Dilution Bias • This occurs when the intervention or control group get the opposite treatment. • For example, in a trial of domestic violence the judge over-rode the random assignment and put 3.5% (14) men in the intervention group. Feder & Dugan, Justice Quarterly, 2002;19:343.
Resentful Demoralisation • This can occur when participants are randomised to treatment they do not want. • This may lead to them reporting outcomes badly in ‘revenge’. • This can lead to bias.
Resentful Demoralisation • One solution is to use a patient preference design where only participants who are ‘indifferent’ to the treatment they receive are allocated. • This should remove its effects.

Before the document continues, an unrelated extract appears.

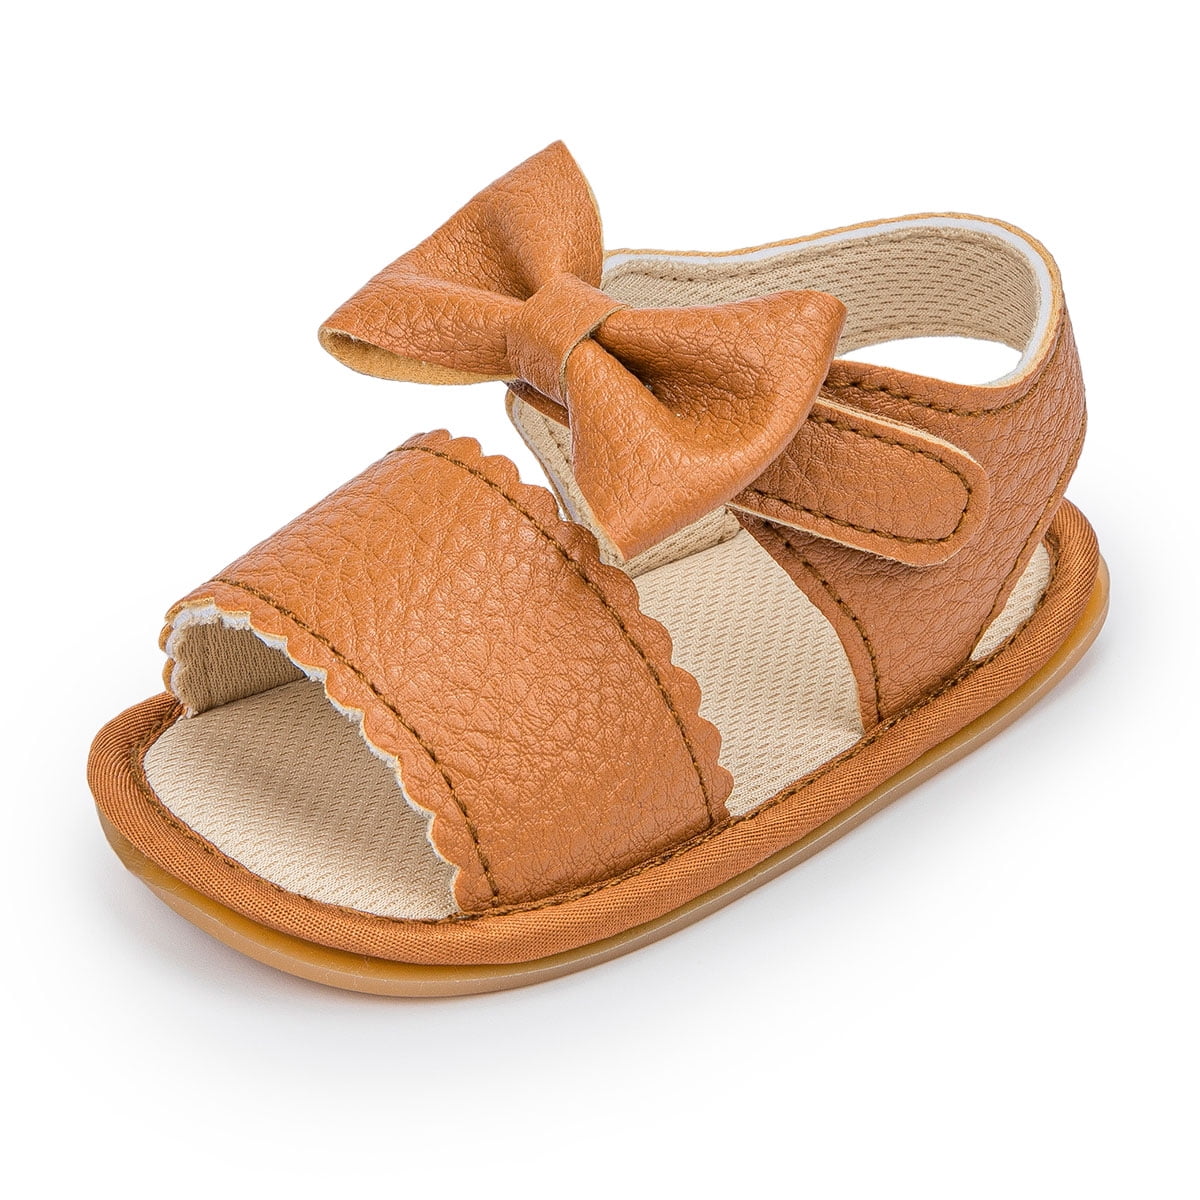 Meckior Infant Baby Girls Sandals Summer Soft Leather No-Slip Princess Shoes

Hawthorne Effect • This is an effect that occurs by being part of the study rather than the treatment. Interventions that require more TLC than controls could show an effect due to the TLC than the drug or surgical procedure. • TLC should be given to controls as well.
Forms of Bias • Subversion Bias • Technical Bias • Attrition Bias • Consent Bias • Ascertainment Bias • Dilution Bias • Recruitment Bias
Bias (cont) • Resentful demoralisation • Delay Bias • Chance Bias • Hawthorne effect • Analytical Bias.
Conclusions • There are a range of biases associated with POORLY designed RCTs. • Many, if not all, can be eliminated through careful attention to methods.